Afghanistan has not ratified the ILO conventions; the Freedom of Association and Protection of the Right to Organise Convention, 1948 and the Right to Organise and Collective Bargaining Convention, 1949.

==History==

The first trade unions in Afghanistan were formed in 1967. The People’s Democratic Party of Afghanistan established the Central Council of Afghan Trade Unions (CCATU) in 1978. In December 1979 the CCATU was purged and restructured by the intervening Soviet Union regime into the sole Afghan trade union.
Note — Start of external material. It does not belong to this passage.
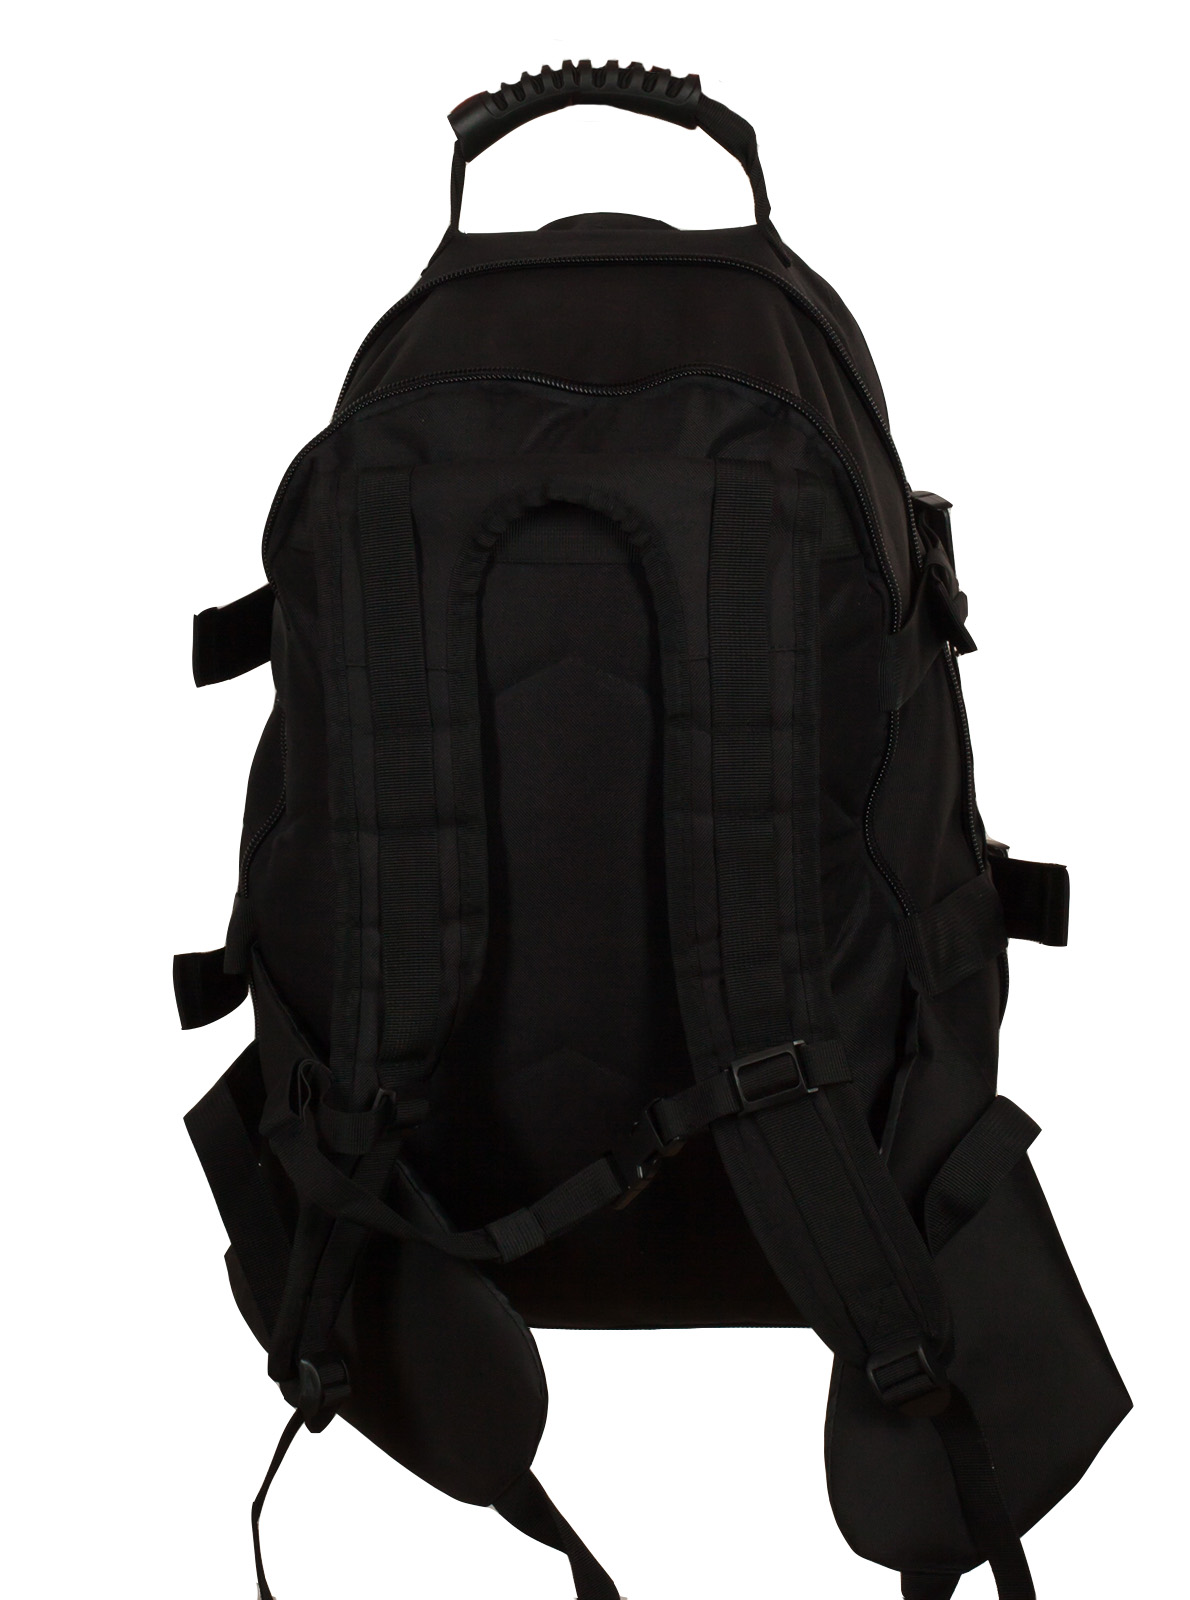 Тактический армейский рюкзак с нашивкой ДПС - купить по низкой цене

The CCATU functioned along similar lines as other Soviet trade unions, claiming to work both for the improvement of working and living conditions, and "defending the gains made by the Sowr (i.e. 1978) Revolution."

At the 1990 Congress the CCATU became the National Workers' Union of Afghanistan (NUWA), retaining most of the previous leadership.

In 1992 with the dominance of the Mujahideen, and the declaration of an Islamic state, the NUWA ceased to exist.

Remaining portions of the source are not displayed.